После этого зачина гармонист играет то, что ему заказывают парни и девки. Не брезговали вечерками и молодожены. Приходили они семьей: мужья вместе с женами. Попеть, поплясать. И этим как бы заявить, что у них прежний молодой жар не угас. А где им повеселиться, как не на вечерке?
Самым любимым был танец "восьмерка". В каждый ряд становилось по восемь девок и парней. С приплясом стенка на стенку двигались они навстречу друг дружке. Спариваясь, кружились. Было в этом танце что-то взято от вальса и от удалой чечетки. Все вечерочники старались показать свое умельство: кто на что способен. Если кто-то из парней не имел еще зазнобы, здесь в самый раз ее выискивать, кроме красоты, беря в ум расторопность в работе и в весельстве. Что не чурка она с глазами, а по всем статьям пригожая.
Ни одни посиделки не обходились без игры в ремень. Девки и парни парами становились в круг. Кому выпадало первым зачинать ее, брал в руки ремень и "выбивал" шлепком того парня, который стоял возле нравившейся ему девки. Обходя круг, он делал обманчивые движения ремнем, чтобы сбить с толку пары. Поровнявшись с тем, на кого он нацеливался, чтобы занять его место около будущей зазнобы или ухажорки, хлестал "виновника". Теперь было самым важным - кто обгонит и первым займет место возле девки. Не поспевшему вовремя прибежать к нужному месту вручался ремень, который тоже намечал свою "жертву".
После вечерки девки брались за руки и с песнями и частушками, перегородив почти всю проезжую часть улицы, направлялись к своим избам. Парни следовали стайкой за ними. Если какая-нибудь из девок отрывалась от песенного ряда, ее ухажор чуть-чуть отставал от своих дружков и сворачивал к милашкиным воротам.
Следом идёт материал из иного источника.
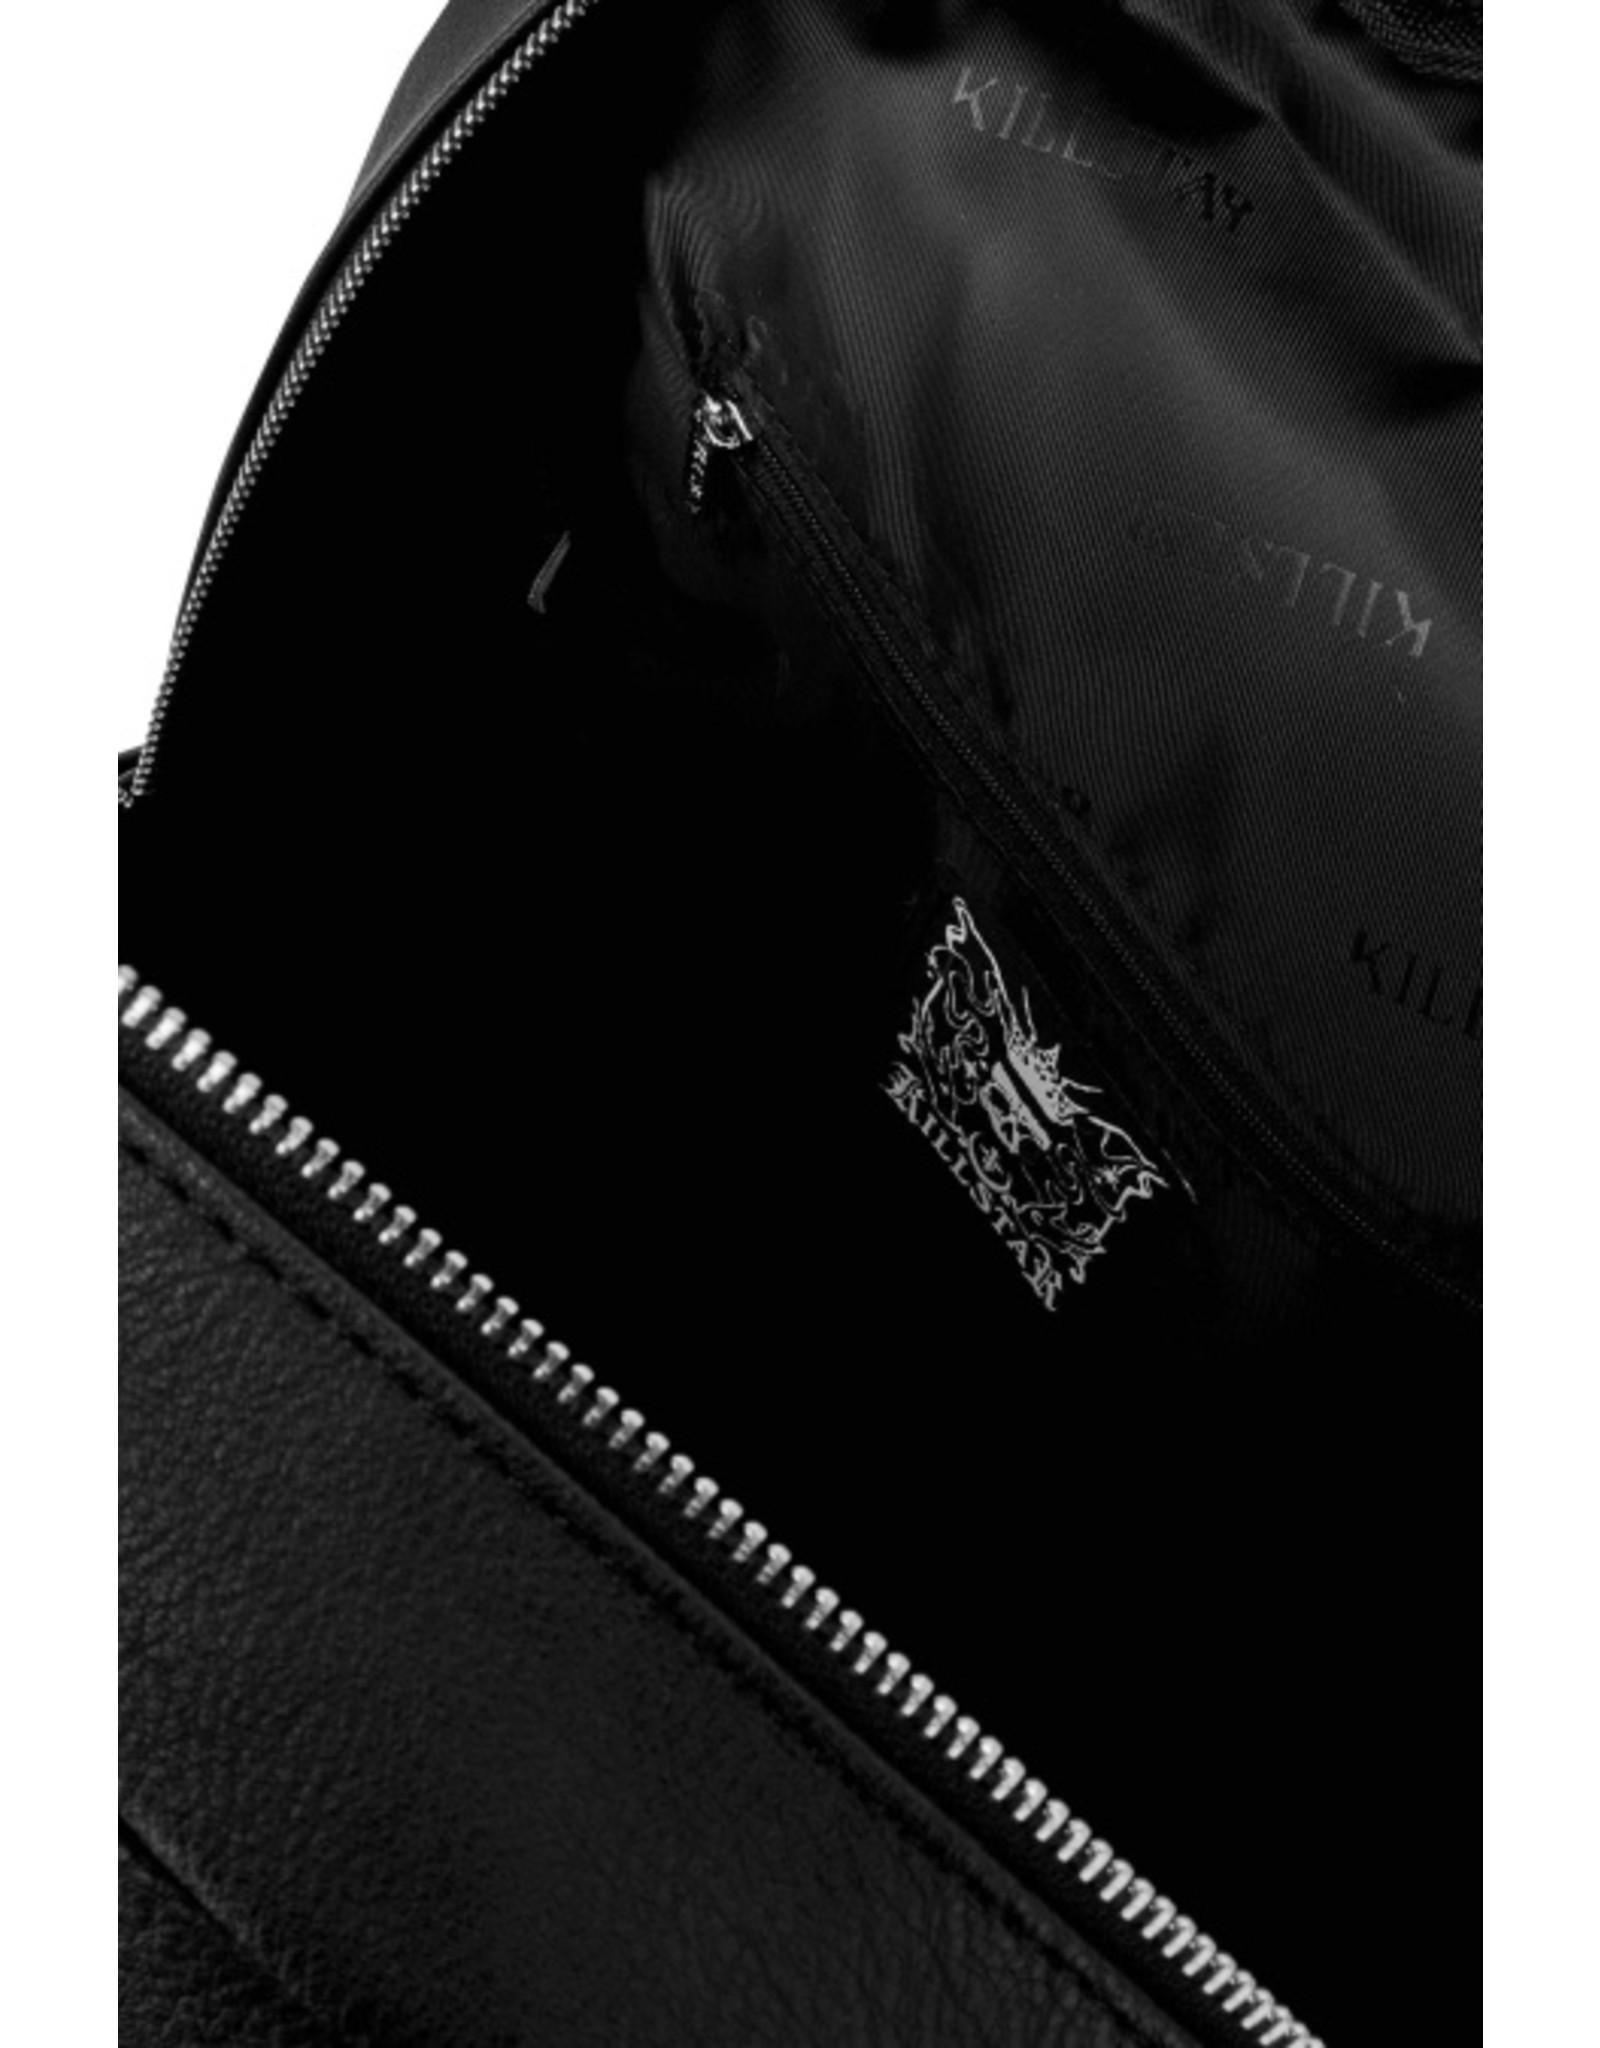 Killstar Killstar bags and accessories - Killstar Baphomet backpack Brimstone

Давно повывелись из деревенского бытования прежние вечерки, где парни выбирали своих будущих жен, а девки приглядывались к суженным. Редко у кого найдешь в доме и гармонь. Не оттираются ныне крашеные половицы дресвой в домах. Другие танцы, другие песни, другие частушки. Но так ли мы бережно распорядились со старинными обычаями, нажитыми за века и тысячелетия, не подрубили ли самые главные нравственные корни, которыми питалось древо жизни? Без этих соков оно хирело, обеспложивалось, теряло былую крепь и общинность. Помогательные сходы у кого-нибудь из деревенских, требующие многих рук, скажем, срубить дом, отрыть колодец, день за днем увядали.
Кануло в Лету, ушло невозвратно все бывшее? И неужели только остается теперь петь ему отходную? Но отчего так неспокойно и тревожно памяти, которая в наше изменчивое, измученное время ищет в прошлом хоть какую-то опору для себя и отраду.
Константин КАРНЫШЕВ
Чудодей: Повести.
- Улан-Удэ: Бурят.
кн. изд-во, 2002.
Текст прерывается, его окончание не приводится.